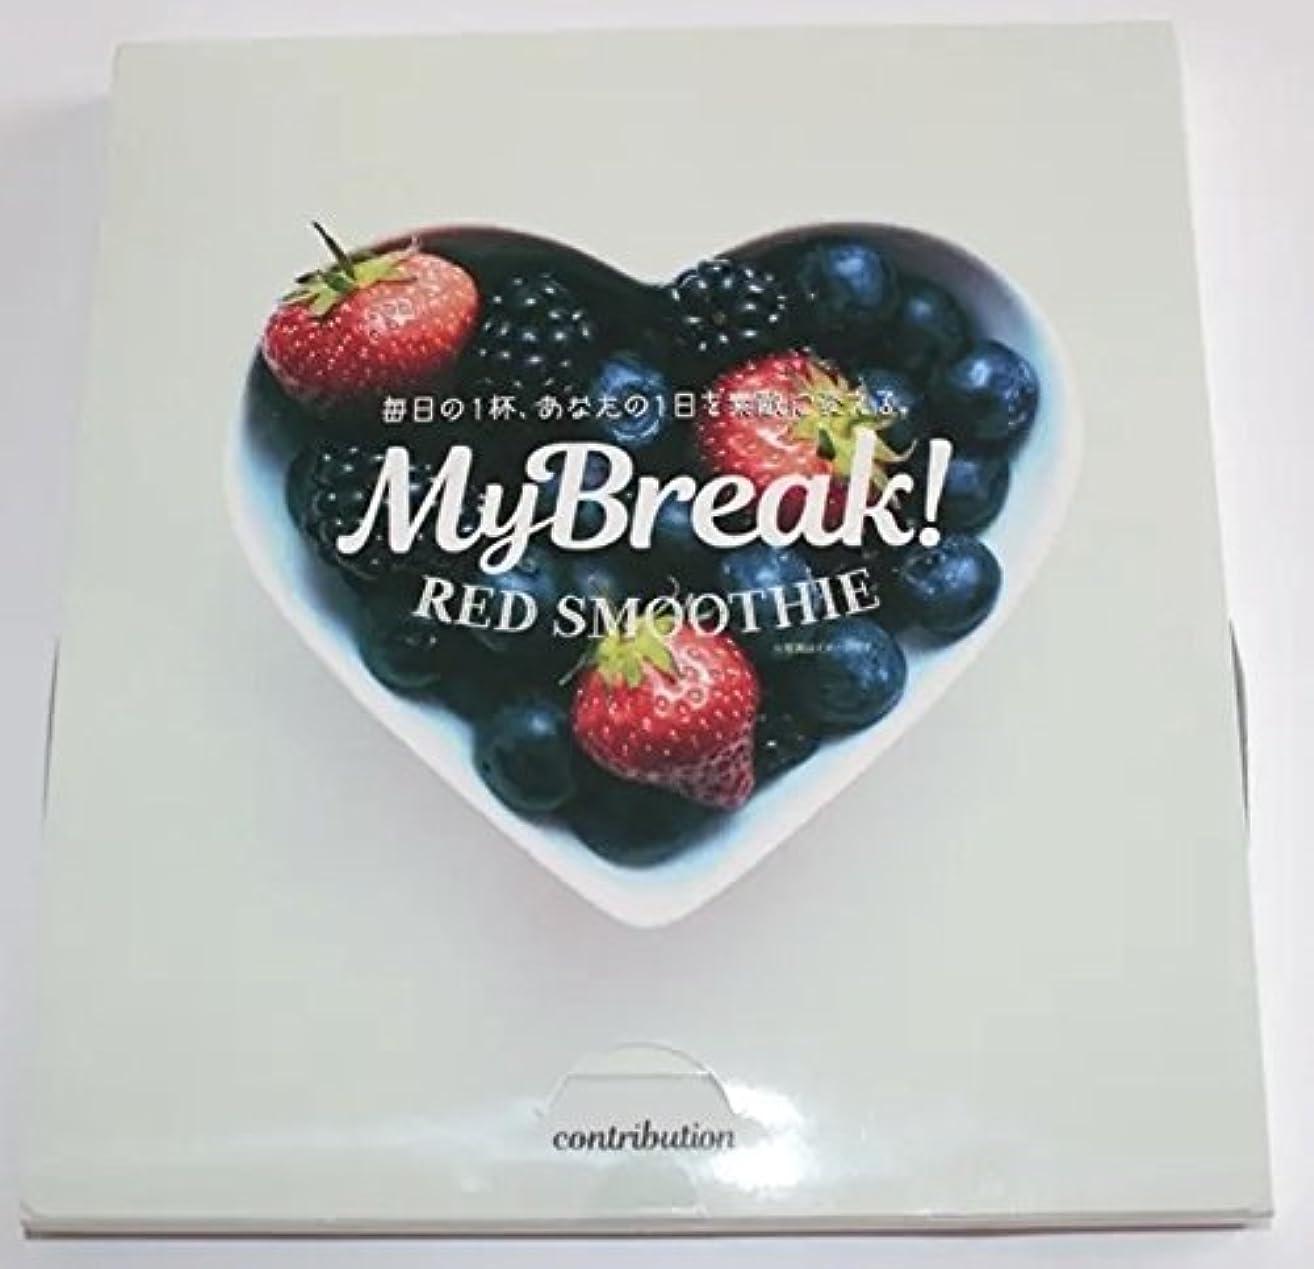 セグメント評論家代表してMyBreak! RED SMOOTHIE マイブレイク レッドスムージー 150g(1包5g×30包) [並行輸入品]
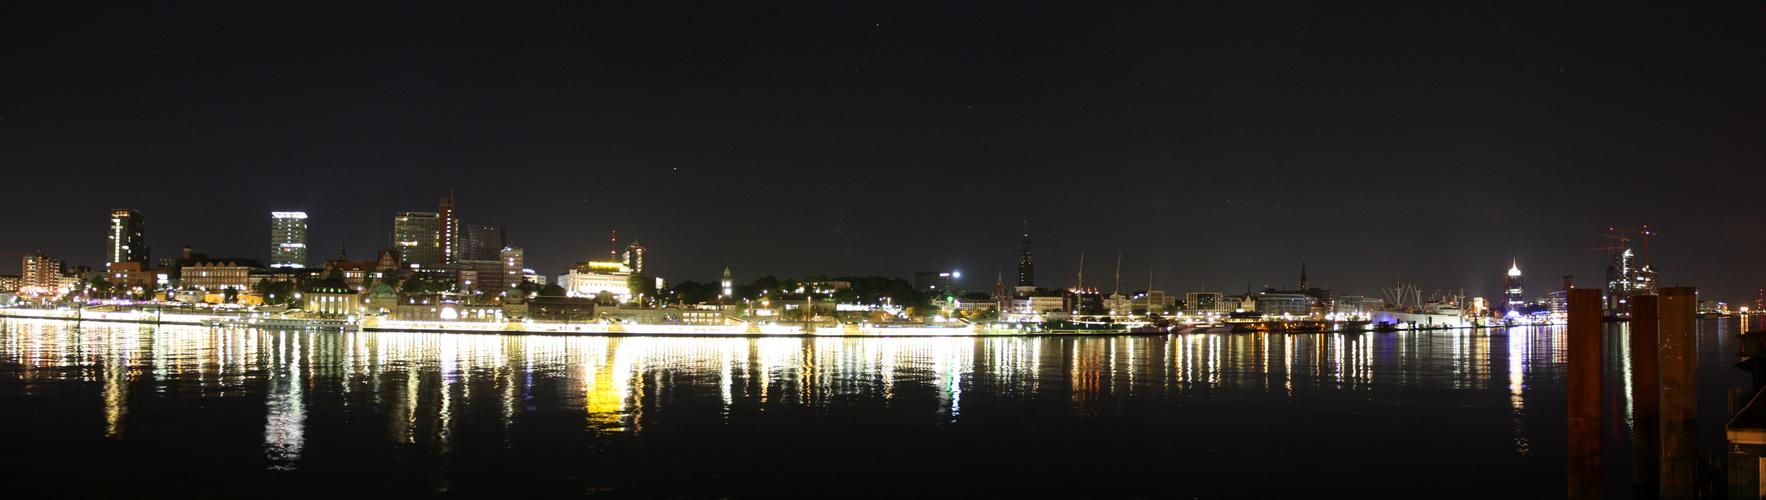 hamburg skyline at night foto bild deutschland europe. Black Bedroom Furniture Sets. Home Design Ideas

====

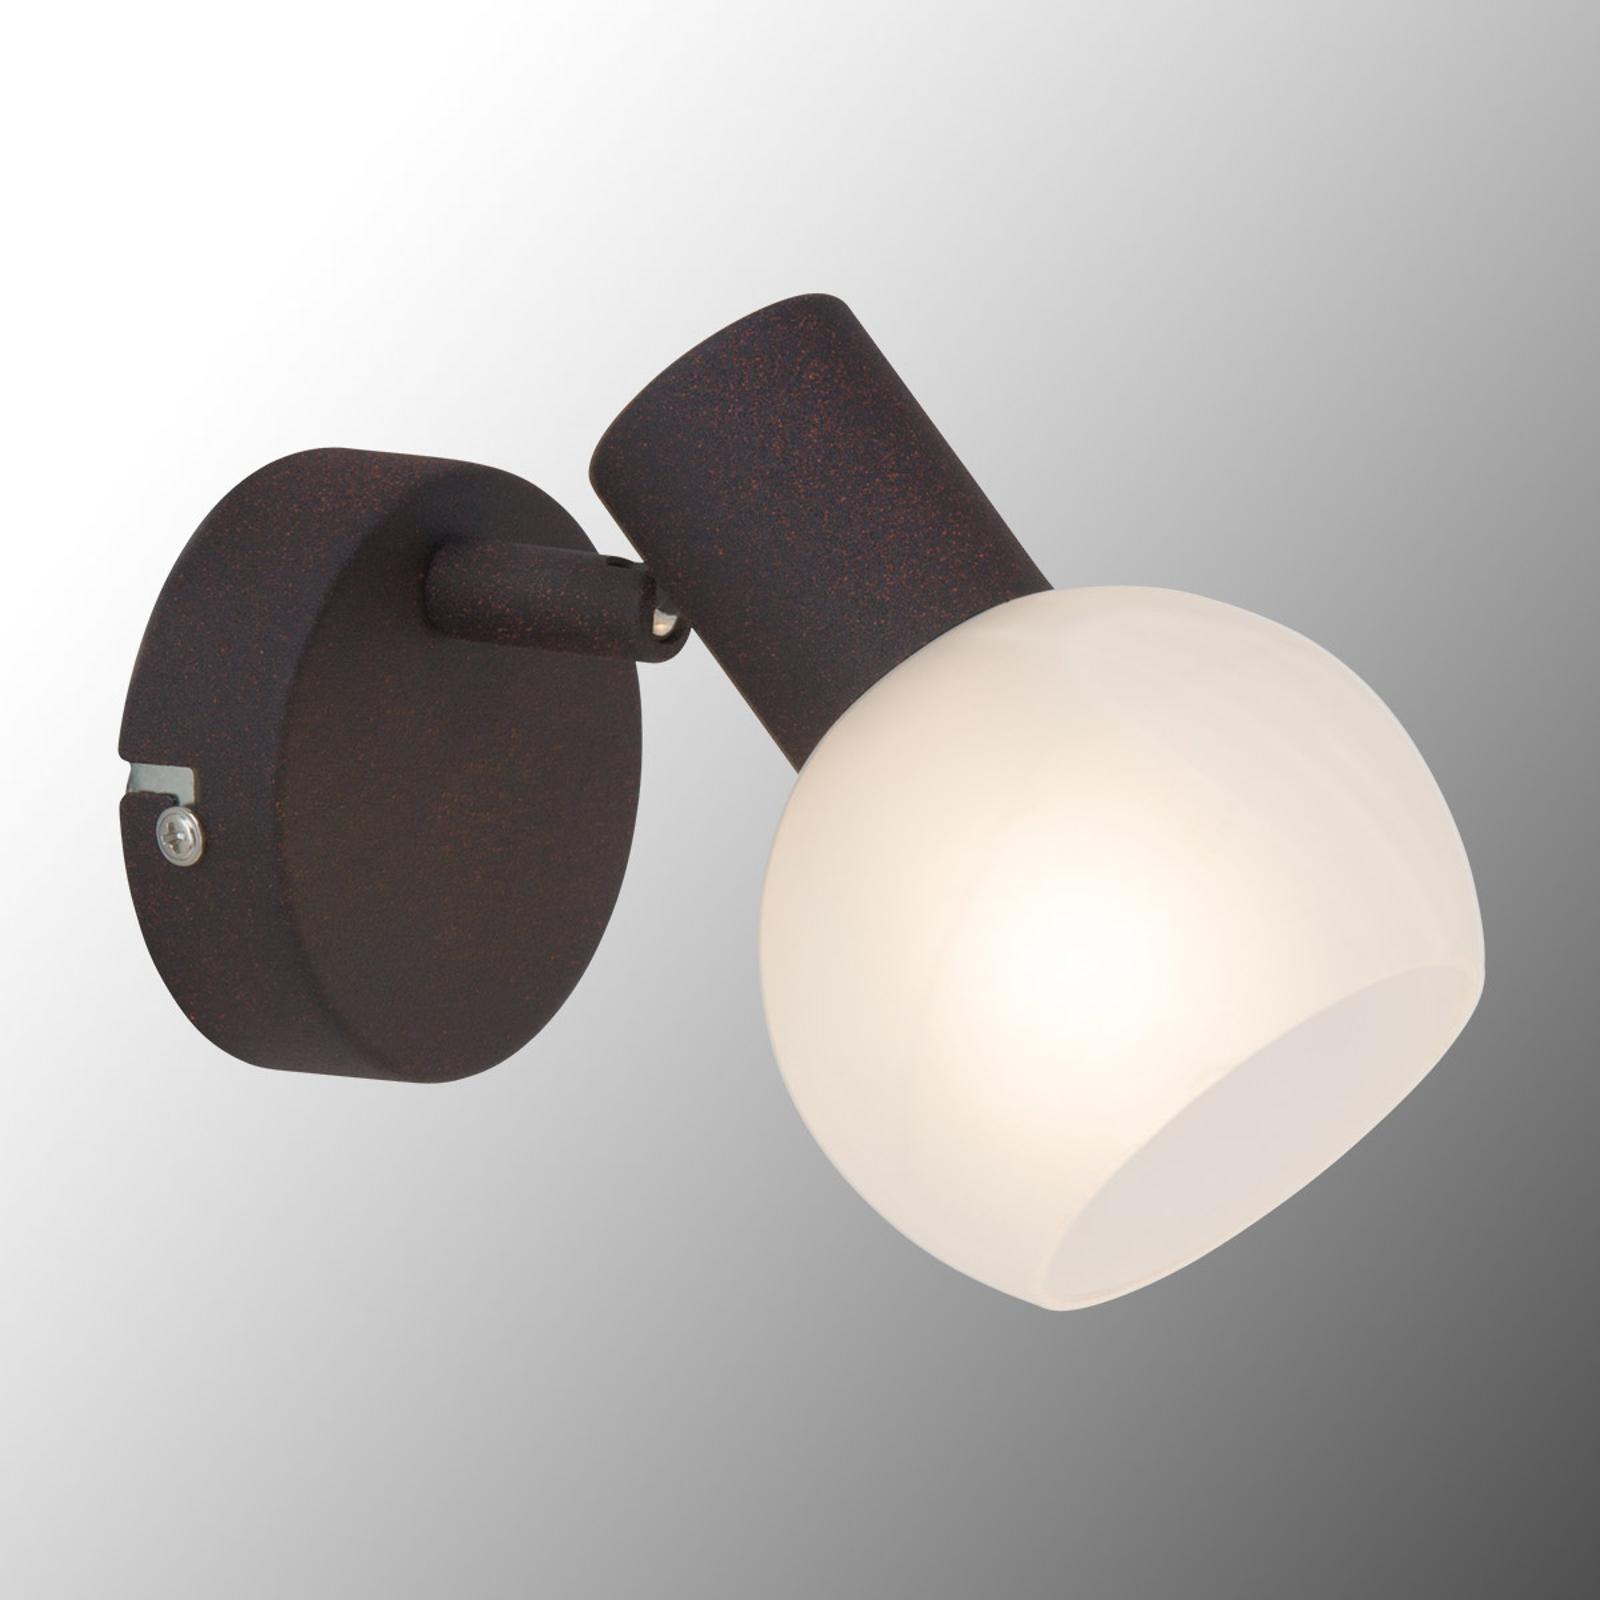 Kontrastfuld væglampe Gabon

====

- [WHAT THE EXERCISE ASKS]: Going by the entries above, repeat exactly the lines that start at the line with "セグメント評論家代表してMyBreak! RED SMOOTHIE" and go on through the line with "hamburg skyline at". Pictures are not part of the copy.

- [PROBLEM SOLUTION]:
 セグメント評論家代表してMyBreak! RED SMOOTHIE マイブレイク レッドスムージー 150g(1包5g×30包) [並行輸入品]
 hamburg skyline at night foto bild deutschland europe. Black Bedroom Furniture Sets. Home Design Ideas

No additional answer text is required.